The type parameters carry the whole proof:

• Storage selects how the runtime value is held, for example SOwned, StorageStateOwnedBox, or a mutable guard from shared storage.
• T is the runtime implementation type, such as Connection.
• S is the current state marker, such as Disconnected or impl InOnline.

State is intentionally a deref-like wrapper with very few inherent methods. State-machine behavior should be implemented on T with arbitrary self types, not added as generic convenience methods on State. That keeps the transition capability private to the implementation module.

impl Connection {
    fn connect<S>(self: State<S, Self, Disconnected>) -> State<S, Self, Connected>
    where
        S: SMut,
    {
        magicstatemachines::transition!(self)
    }

    fn endpoint<S>(self: &State<S, Self, impl InOnline>) -> &str
    where
        S: SRef,
    {
        &self.endpoint
    }
}

Implementations

impl<T, S> State<StorageStateOwned, T, S>

where T: StateMachineImpl,

pub fn new(value: T) -> Self

where T::Standin: Initial<S>,

Wraps an implementation in an initial directly owned state.

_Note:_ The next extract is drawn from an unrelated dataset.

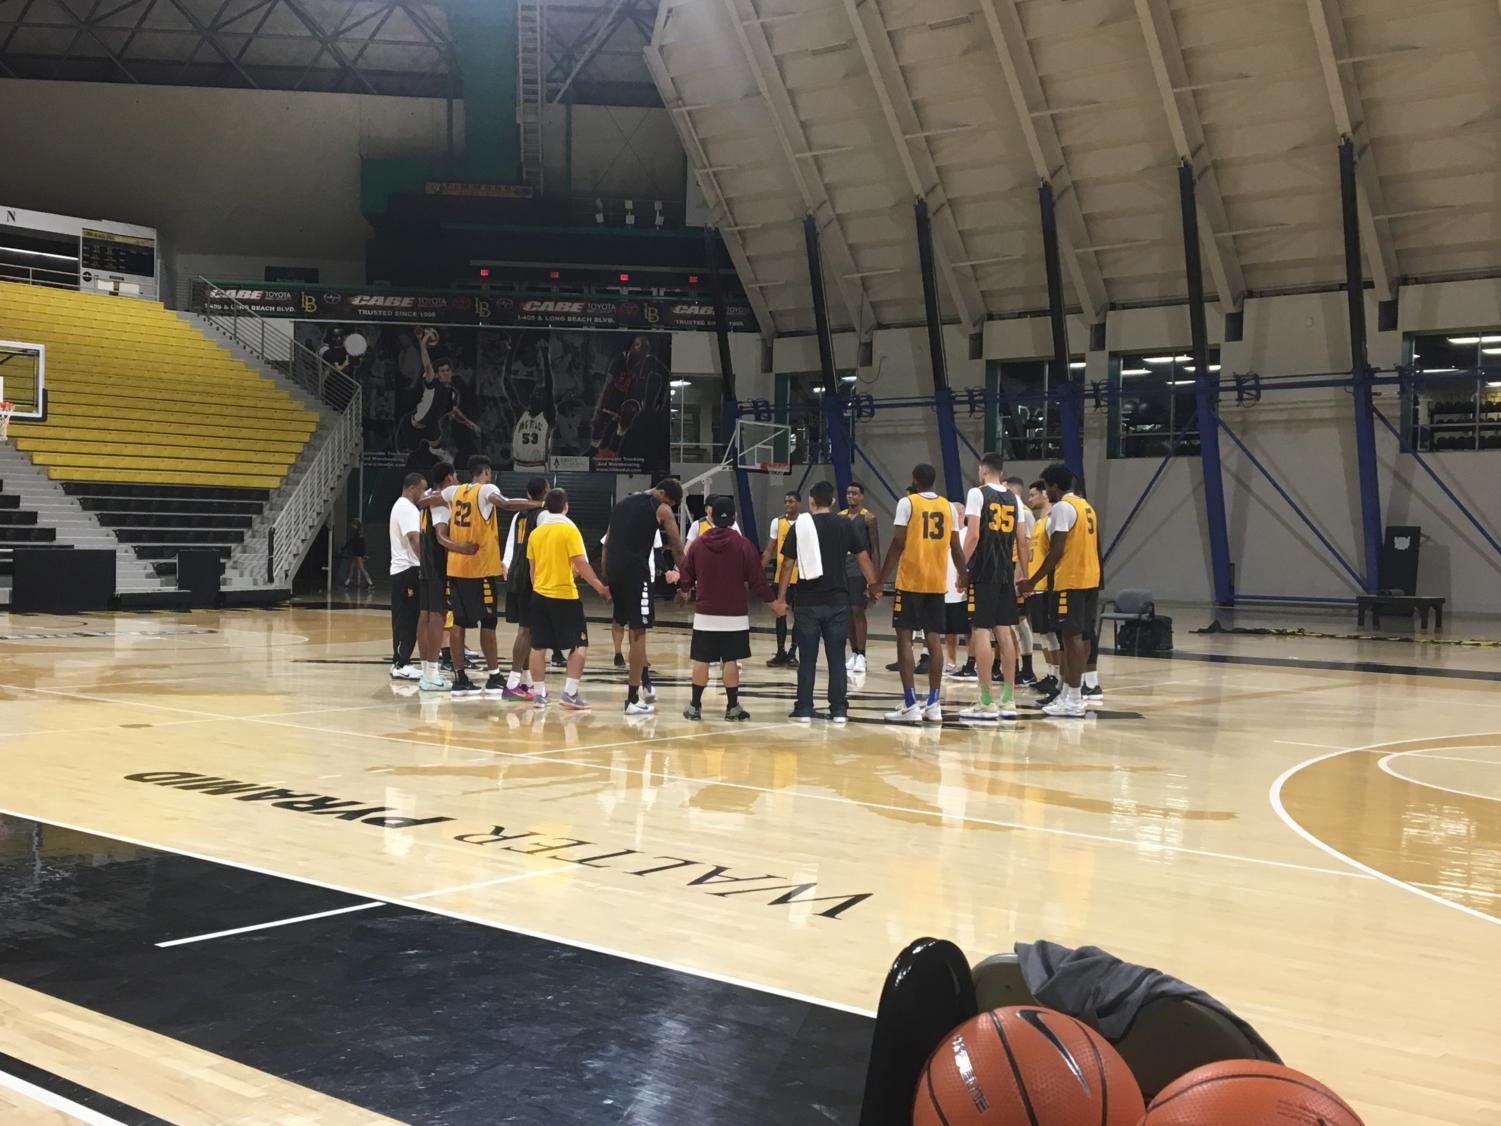 The Long Beach State men’s basketball team huddles together after practice Wednesday morning.

This is the normal entry point for a state machine. It only compiles when the definition crate declared S as an initial state for T::Standin. That declaration is a public constructor contract: anyone with raw T can create State<SOwned, T, S> for an initial state. States that should only be entered by target-owned conversions should not be listed as Initial.

use magicstatemachines::{SOwned, State};
use test_def::states::Disconnected;

let disconnected: State<SOwned, Connection, Disconnected> =
    State::new(Connection::new("localhost:8080"));

To move the state into another owned container later, create that container from the returned state token instead of constructing raw T again.

pub fn from_concrete(value: ConcreteStated<T, S>) -> Self

where S: ConcreteStateTrait,

Constructs a directly owned state from implementation-owned state proof.

ConcreteStated is where the unsafe or private raw construction decision happens. This function only consumes that proof object and creates the ordinary owned state wrapper.

pub fn into_concrete(state: Self) -> ConcreteStated<T, S>

where S: ConcreteStateTrait,

Consumes a directly owned state and returns raw data plus its concrete marker.

This is intended for implementation-owned conversions. The returned value can be inspected only by consuming it with ConcreteStated::into_raw.

impl<T, S> State<StorageStateOwnedBox, T, S>

where T: StateMachineImpl,

pub fn new(state: State<StorageStateOwned, T, S>) -> Self

Moves a directly owned state into Box storage without changing its state.

This mirrors Box::new, but it takes State<SOwned, T, S> instead of raw T so the current state is preserved:

let owned: State<SOwned, Connection, Connected> = connection.connect();
let boxed: SBox<Connection, Connected> = SBox::new(owned);

pub fn unbox(state: Self) -> State<StorageStateOwned, T, S>

Moves this boxed state back into direct owned storage.

This consumes the box and returns State<SOwned, T, S>. The state marker is unchanged, so methods available before boxing remain available after unboxing.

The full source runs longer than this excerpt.